Task to complete: Begin with the line that holds "Business shipping needs" and retype through the last line of the listing below, exactly; pictures are not part of the copy.

Material provided:
━━━━

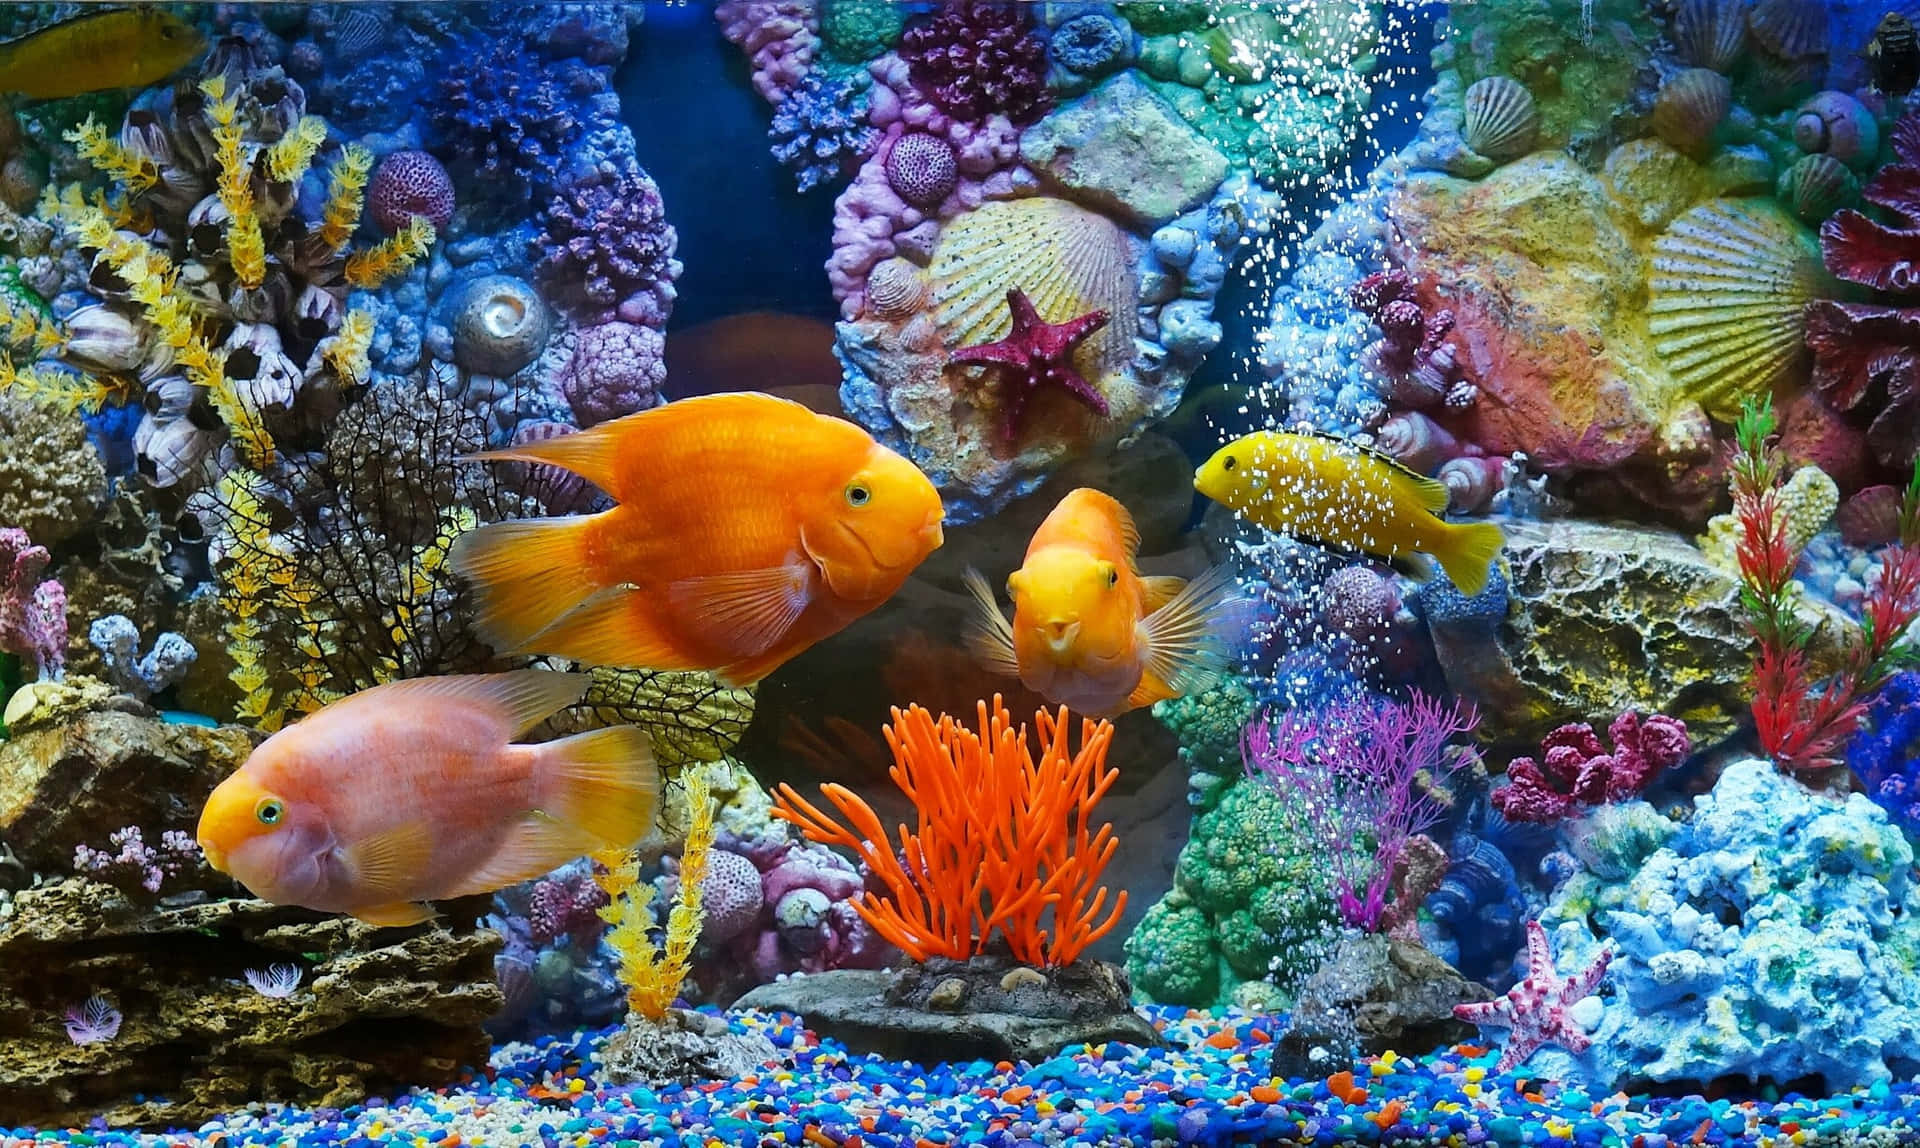 Einfaszinierender Blick Auf Ein Lebendiges Aquarium.
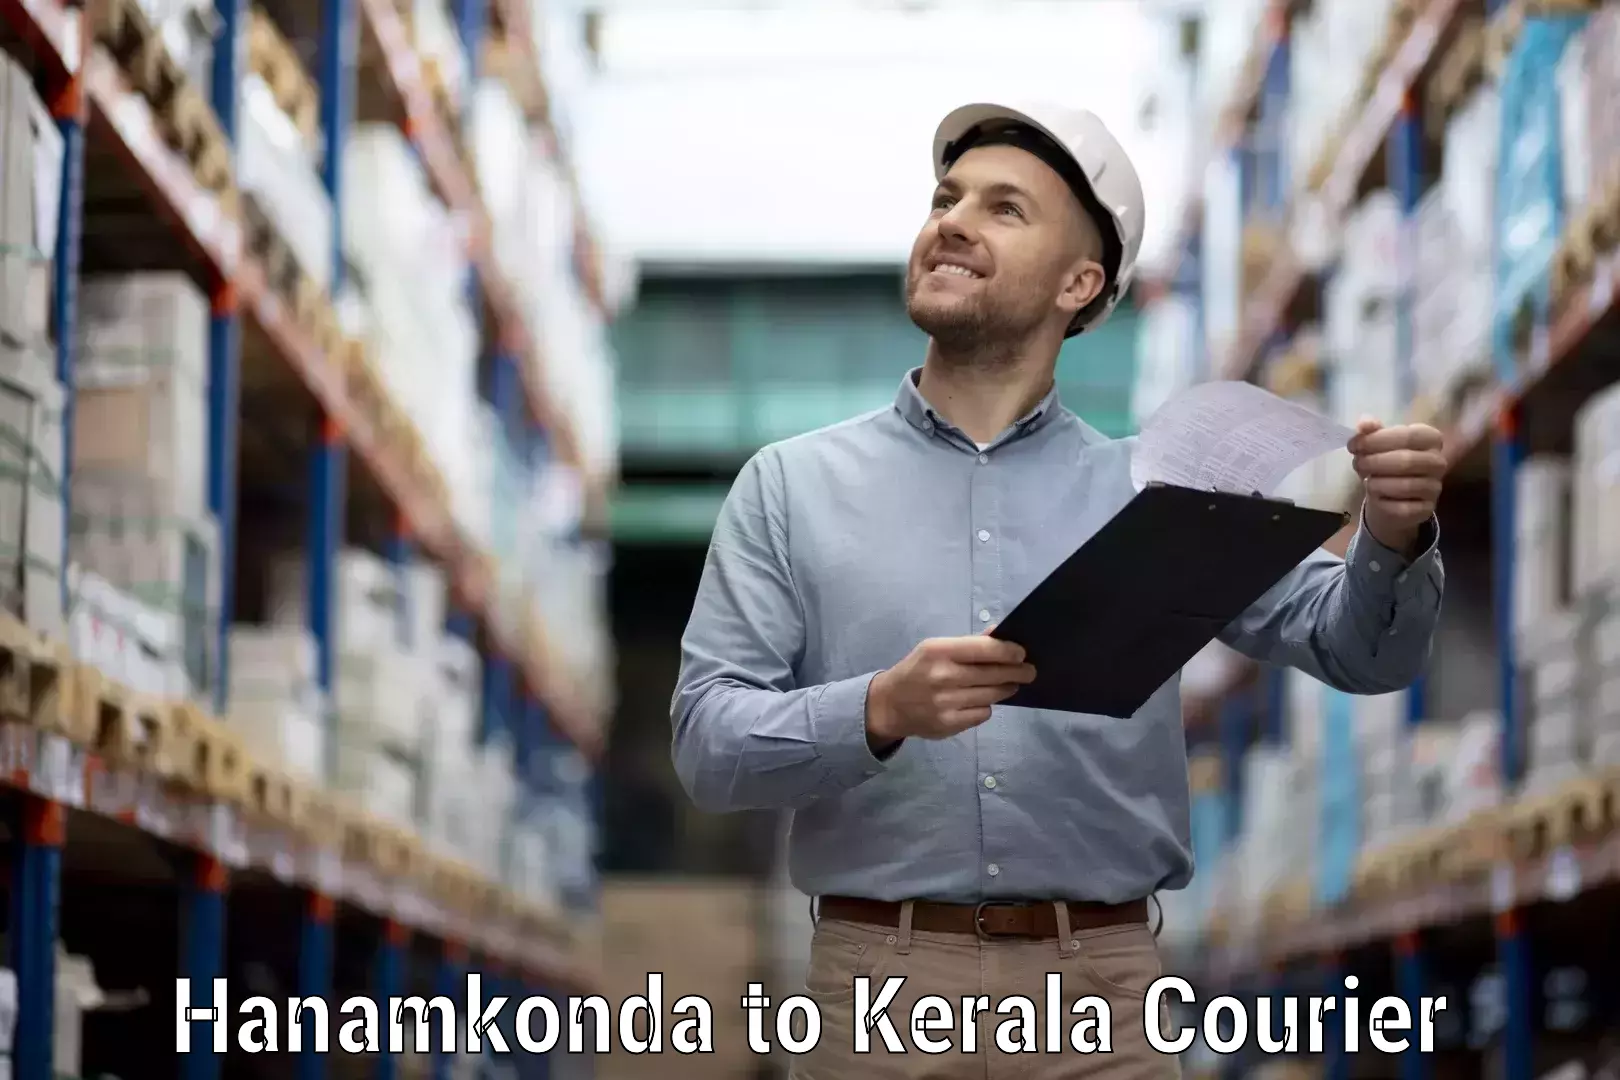 Business shipping needs in Hanamkonda to Kallikkad
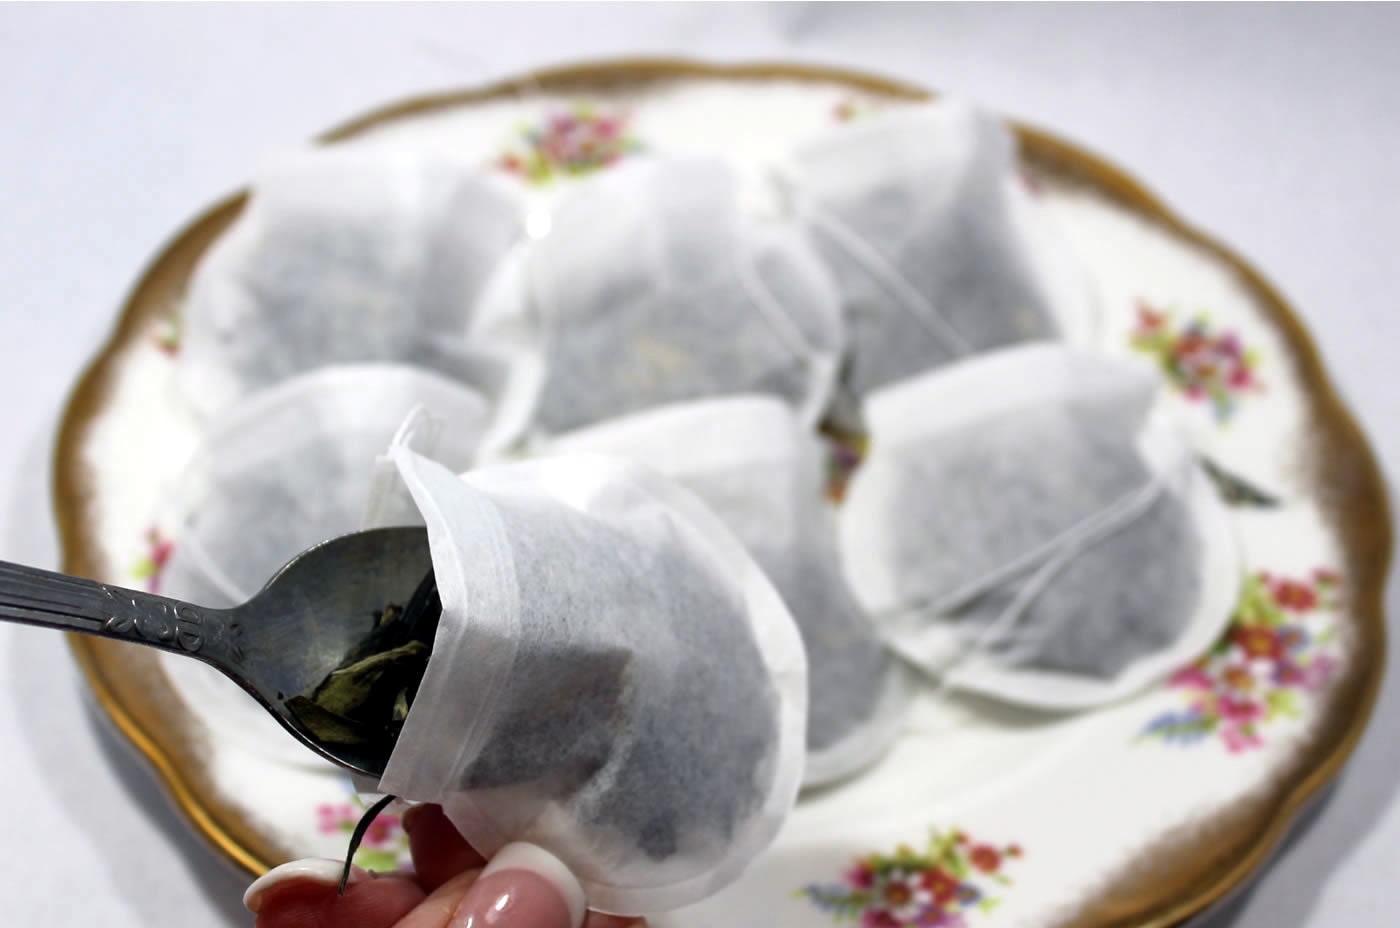 Filtre à thé en papier fin avec cordon de serrage compostable x 50

━━━━

Result for this exercise:
 Business shipping needs in Hanamkonda to Kallikkad
 Filtre à thé en papier fin avec cordon de serrage compostable x 50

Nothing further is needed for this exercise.